Many people seem to have no problem abusing systems designed to assist disabled persons. Due to such misuse, Disney theme parks recently cancelled a program designed to help kids who, for physical reasons, were unable to stand for long periods of time in ferociously long lines. This is further proof that Disney has cursed America (which I posited here in an earlier post). Apparently, so-called “Disabled Tour Guides” were charging able-bodied guests big money and ushering them through shorter lines while they pretended to have a disability.
You can just picture some mother with her hand in a five-gallon bucket of popcorn shouting “Your leg, Billy, remember to drag your leg!!”
A relative of mine once concocted the perfect response to situations like this.

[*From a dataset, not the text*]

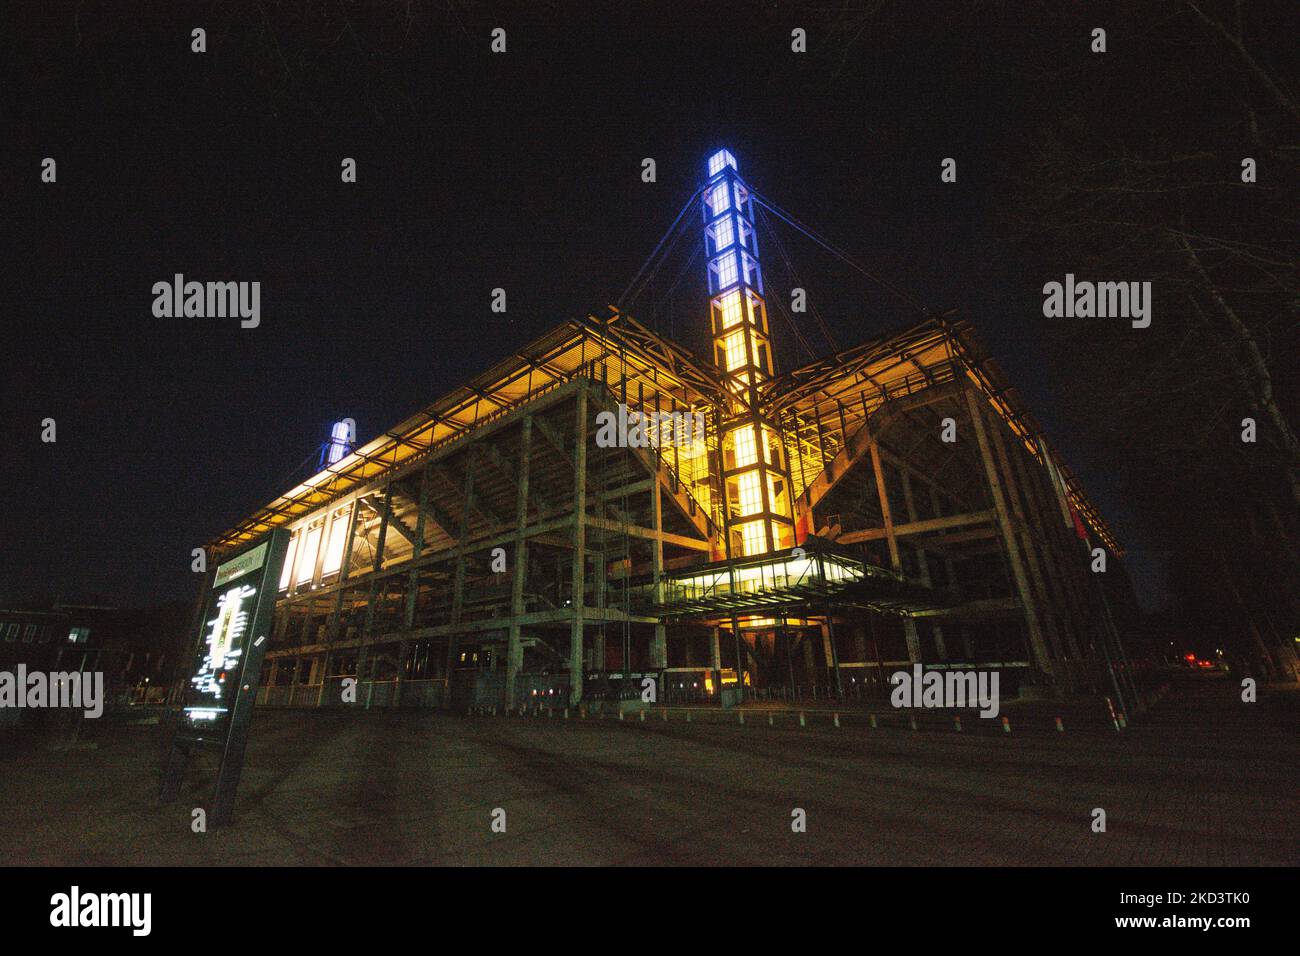 lo stadio rhein Energy è illuminato con luci blu e gialle per mostrare la loro solidarietà alla crisi Ukaine (Photo by Ying Tang/NurPhoto) Foto Stock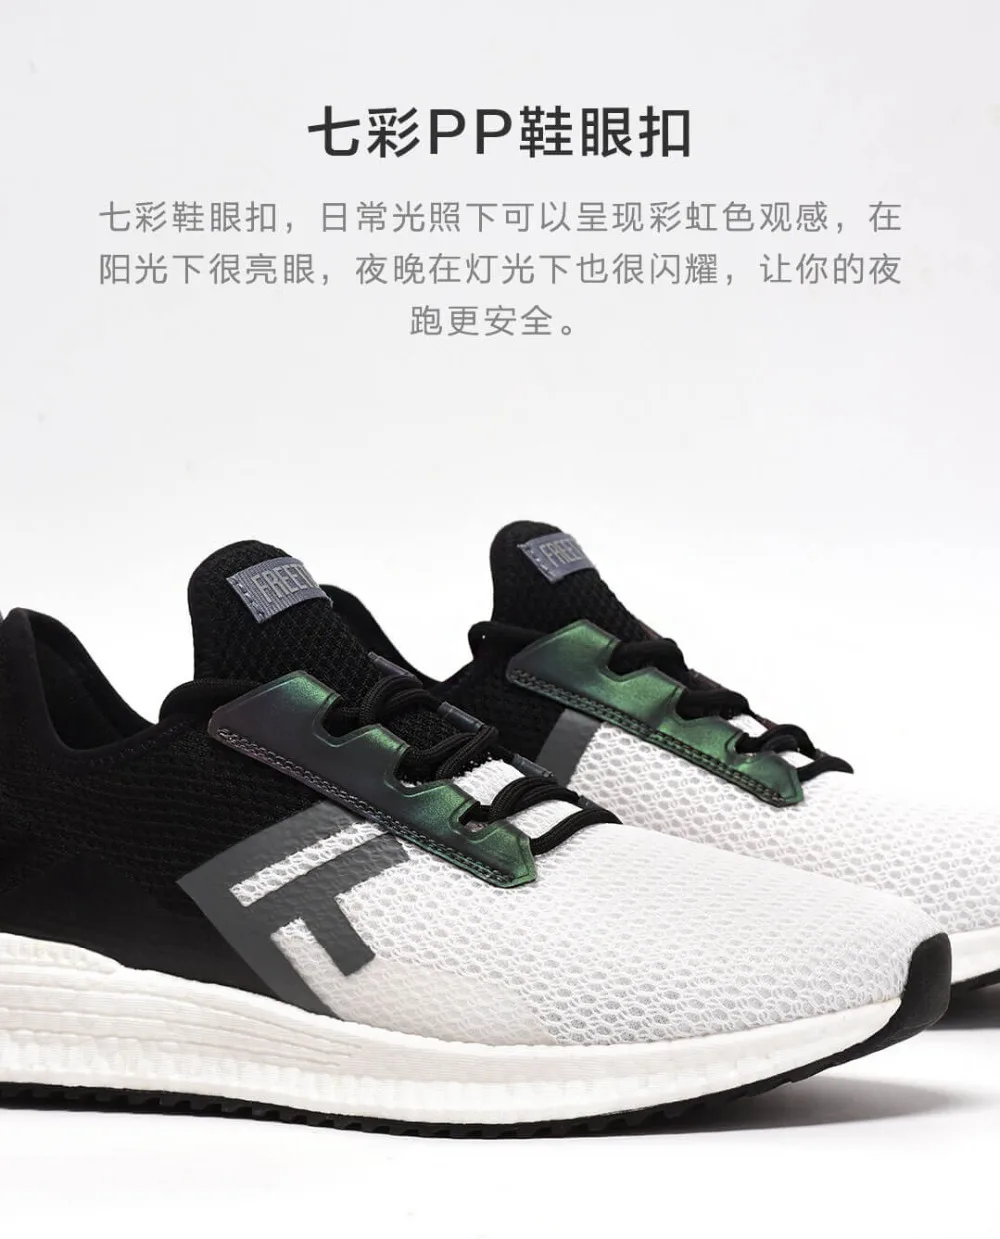 Xiaomi FREETIE спортивная легкая обувь Вентиляция Упругие вязаная обувь дышащий освежающий город бег кроссовки для человека H20

She was backing out of a parking space in a crowded shopping center when a convertible zipped into a handicapped parking spot nearby. A guy in tight, slinky clothes with sunglasses perched on his head hopped out of the sports car and marched into a store.
My relative got out of her car to examine the scene. The guy didn’t have that cardboard Disabled-Parking sign you hang from the rearview mirror. So she went back to her car and wrote a note. She placed it under the driver-side windshield wiper and then drove away.
When the guy got back to his car he found a note that read: “Having a small penis isn’t a disability.”
I don’t think Disney can top that, but they should try.